Other papers considered similarly ‘meta’ topics, albeit with more practical methodological insights. Hareth Al-Janabi‘s paper looked at improving our understanding of the impact of economic evaluation, building on findings from a series of qualitative interviews with health economists (some of whom were in the room). Liz Goodwin‘s paper took inspiration from a paper I discussed at the last meeting in Exeter, laying out a thorny set of problems for the audience to consider. Specifically, we considered the role of economic evaluation methods in a world of complex interventions and social prescribing. Are randomised trials and cost-effectiveness analyses the right tools? Dan Howdon’s discussion of Liz’s paper was a contender for the best discussion of the meeting, though I’d say he was probably pipped at the post by his colleague Ed Webb, who discussed a paper on inequality aversion in the very first session.
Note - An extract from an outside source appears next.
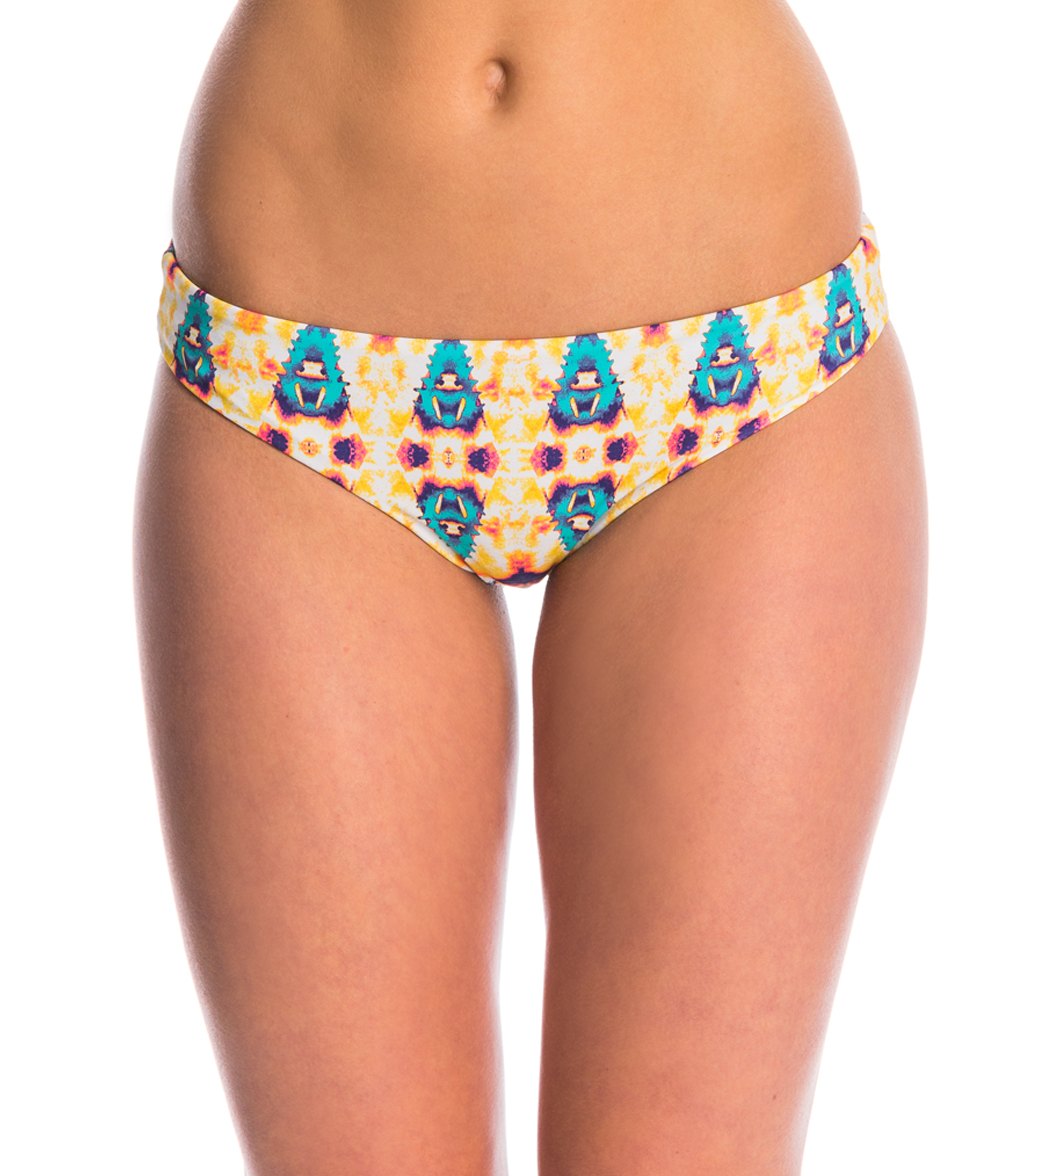 Hurley Swimwear Jagged Tie Dye Reversible Bikini Bottom - Multi X-Small - Swimoutlet.com
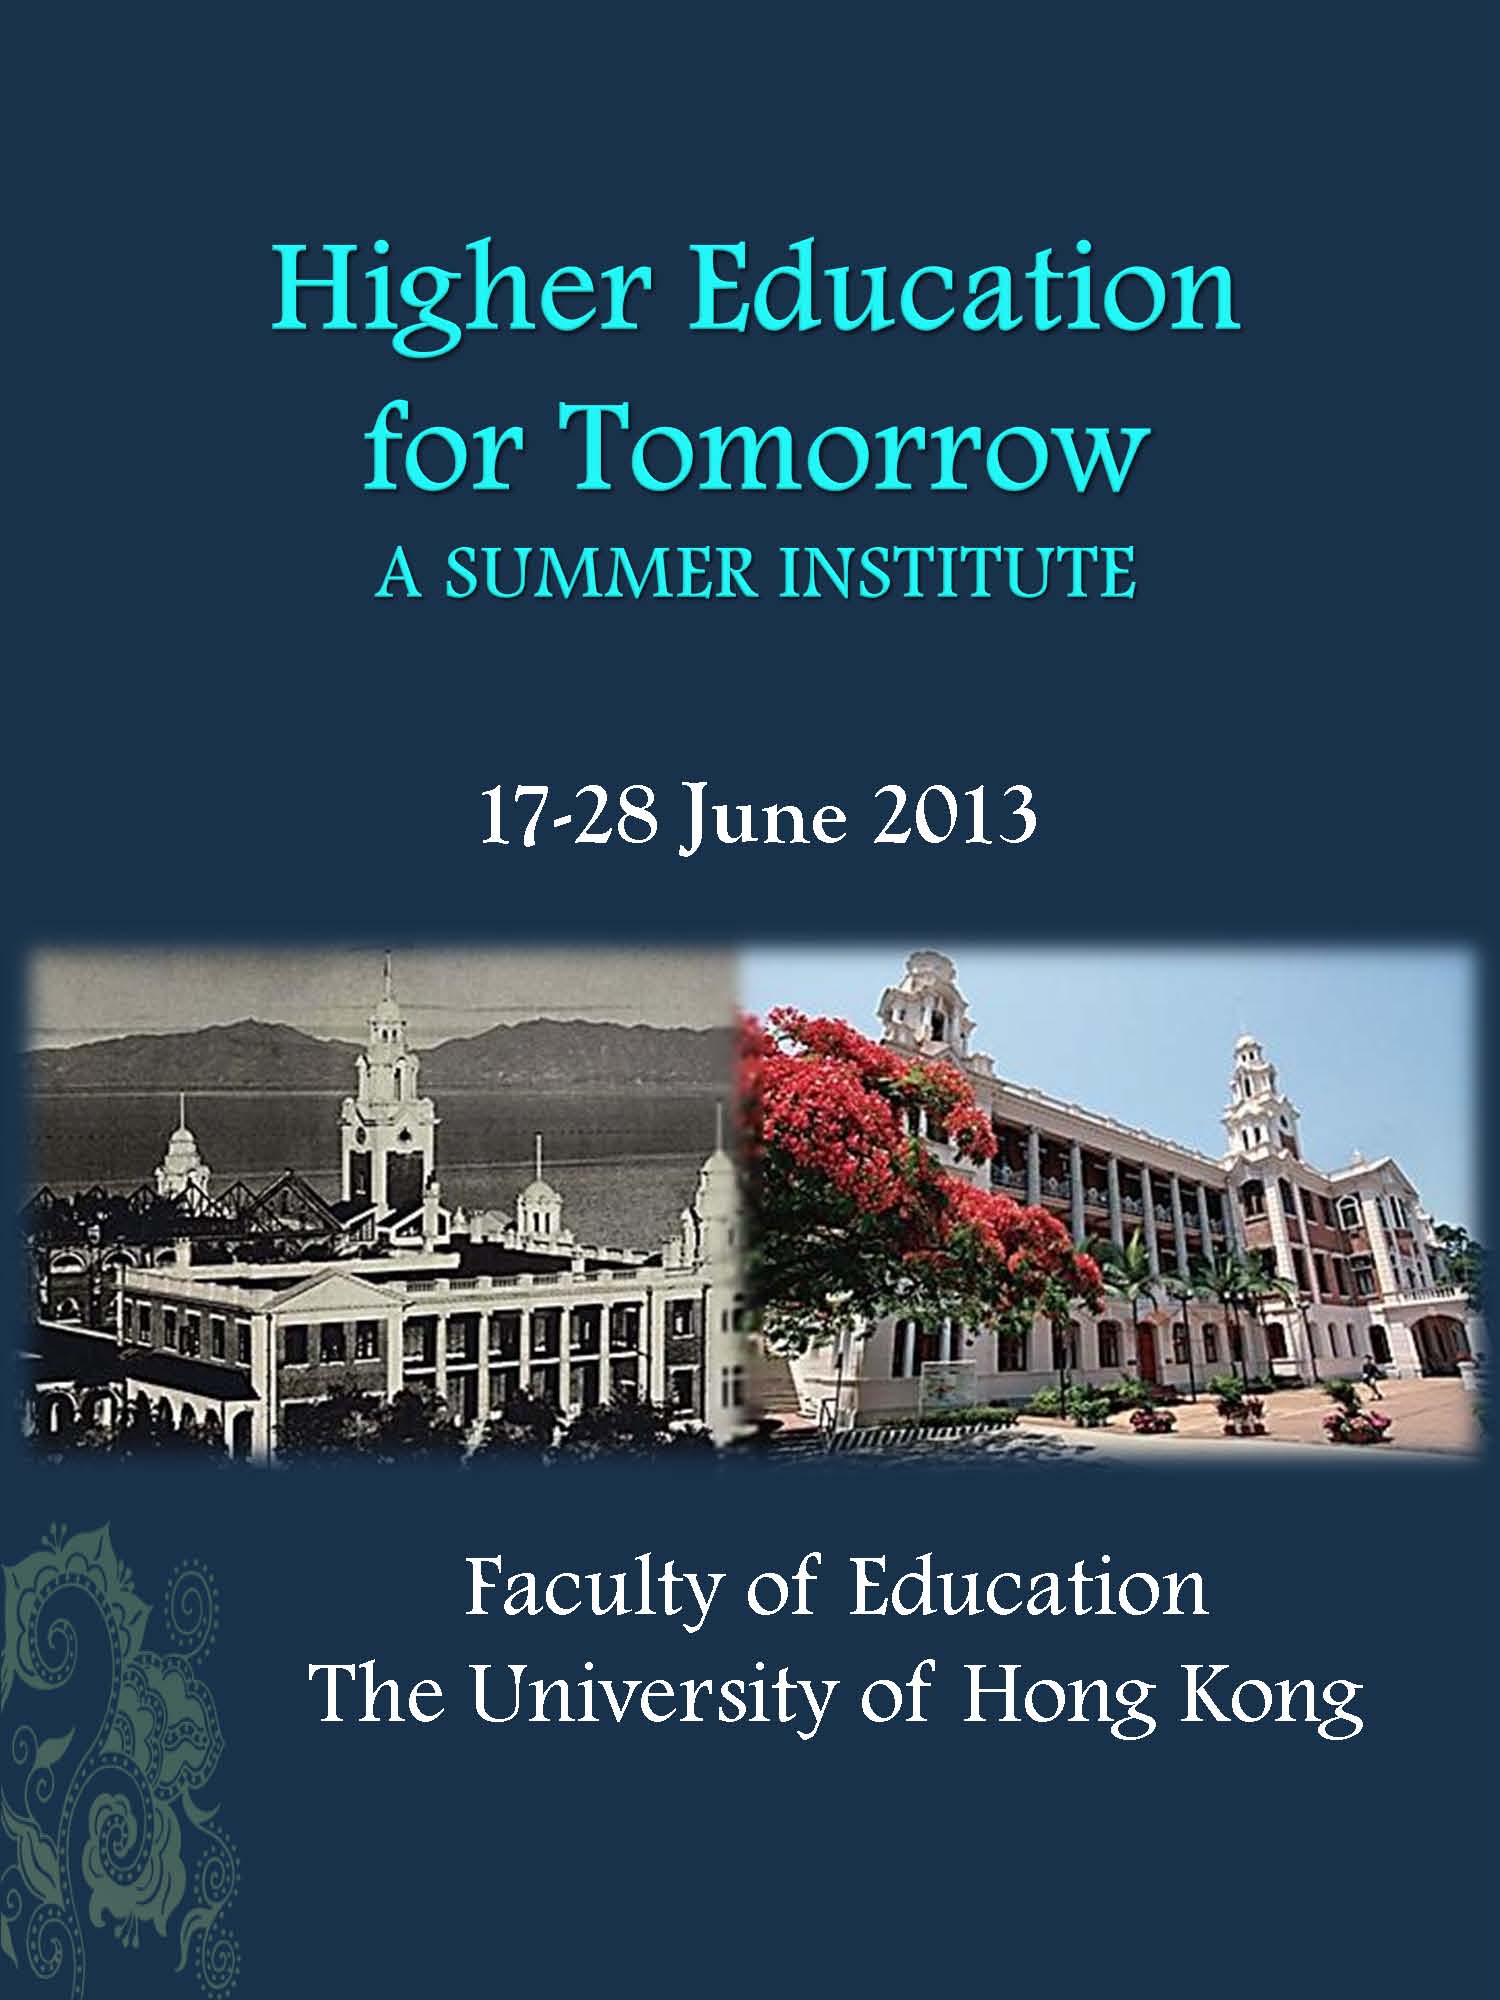 HKU Summer Institute for Higher Education

Overall, this was an excellent meeting, a vintage HESG in the classic style. There was plenty of food, unlimited coffee, vegan snacks, and no need to leave the building except to cross the road for the Thursday night dinner. For whatever reason, it excelled in providing opportunities to speak to new people, which is what got me hooked on HESG in the first place. A few years ago, I decided to stop attending every session at HESG meetings, because it is just too exhausting. At this meeting, I unintentionally abandoned this rule, which is surely a signal of a quality programme. I found myself attending every session and – in many cases – I had actually read the paper.

This meeting was also an opportunity to celebrate the career of James Mason, who is retiring after many years of leading the Centre for Health Economics at Warwick. I’ve never worked with James, but I’ve heard wonderful things about his leadership from the likes of Alastair Canaway of this parish. James gave a pre-dessert speech during Thursday night’s dinner. Maybe the wine had gone to my head, but I found it quite moving as he spoke about the value of HESG’s dialectic magnificence, and more personally about his own ‘life hack’ of making generosity his guiding principle. I’ll definitely remember this one.